I have been trying to write for a while, but there just seem to be no words. Ideas, even thoughts seem to be lacking lately. Perhaps it’s due to a loss of creativity, or maybe it’s because there are too many ideas and thoughts on rotation in my mind that the thought of tackling one is too much, so instead I silence them.

I’m inclined to think it is the latter.

To be honest, I am coming face to face with some pretty serious questions I have for God.  And I’m a bit scared to ask.

While I know people who have seen more sinister things than I have, or have heard stories more tragic than I have heard, I have seen and heard enough. Enough to question where God is at times, or wonder if he is actually good. Questions ‘good Christians’ probably shouldn’t ask, or have at least sorted out already in their faith.  

I’m not sure about you, but for me most things I hear about that go on in the world sit at a bit of a distance. ISIS, earthquakes, floods, etc. While these things are devastating, I am not confronted with the reality. My reality of those events stay on the screen of my computer. But here there have been some realities that have met me at my front door, and a lot of the time I don’t know what to do about it. So, I bury them.

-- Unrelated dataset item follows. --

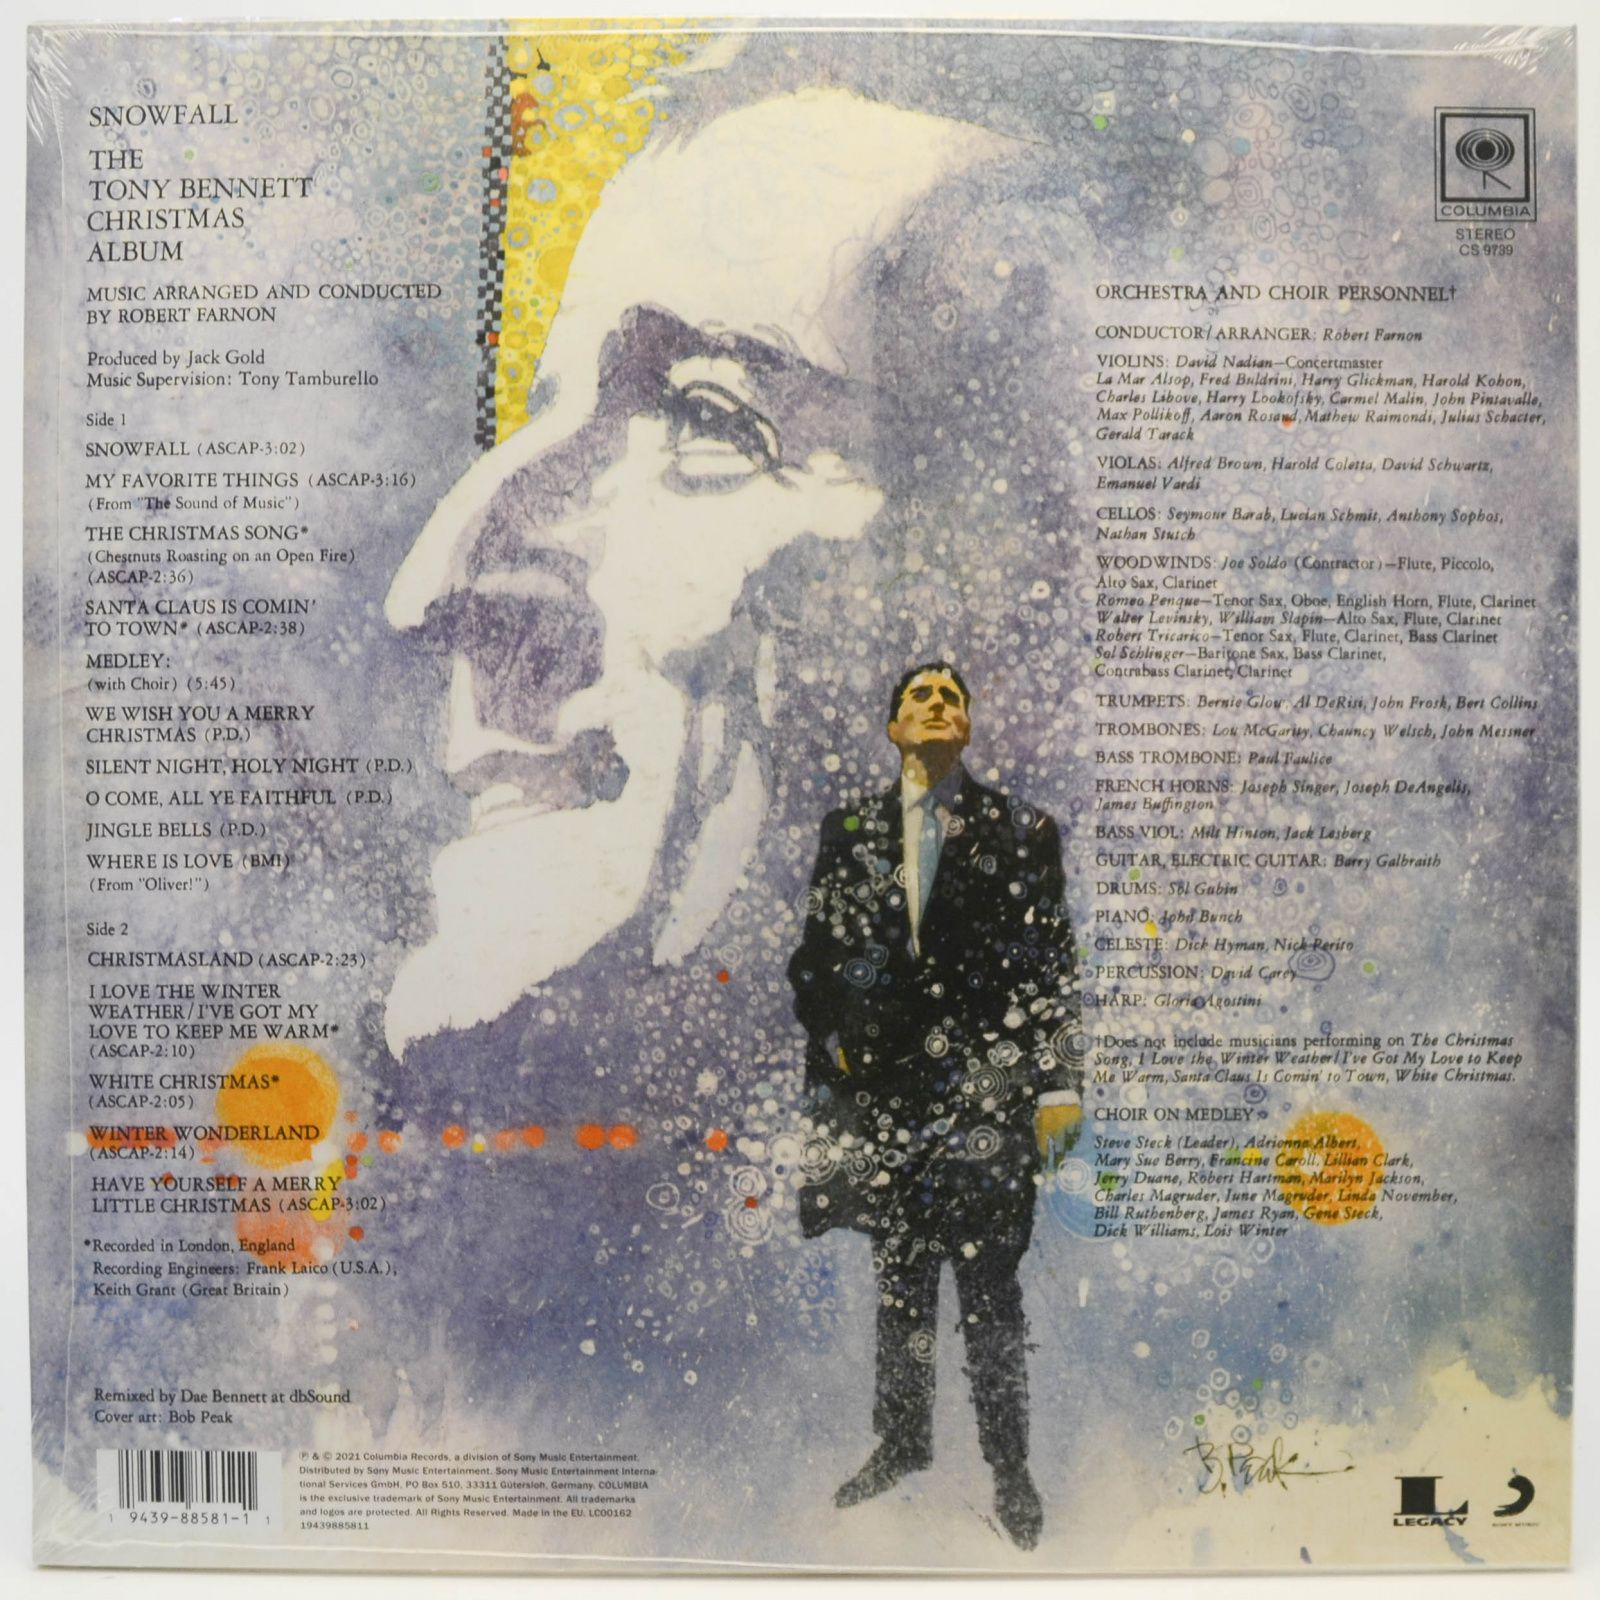 Tony Bennett — Snowfall (The Tony Bennett Christmas Album), 1968

I mean, what do you do when you know children are being raped? When you see (what you assume) is a pedophile putting two children in his car? What do you do when a 10 year old girl is crying because her mom will beat her if she finds out the bracelets she is supposed to sell (for 10 hours a day) have been stolen? Or when you hear of corruption at every corner?

What do you do when you can’t do anything? What do you do when it looks like God isn’t doing anything?

I remember telling God if that street girl didn’t find her bracelets him and I were going to have a huge problem. Haha, I’m sure he was looking at me tenderly with understanding, but also a little bit of ‘come on, Janay, do you still not trust me?’

Truth be told, most days I don’t.

Instead of dealing with the issues I currently have with God, I avoid them. Occasionally, I numb out by watching TV shows, or allow myself to be swallowed up into a musical vortex while daydreaming of other lands than this one.

Processing these things seems like a mountain I am not trained to climb. Have you ever been there?

I suppose coming over to Cambodia, I was under the impression that I had sorted all this stuff out in my mind and heart already. After all, I had been on mission trips, seen injustice, poverty, and immense suffering. Why is this different?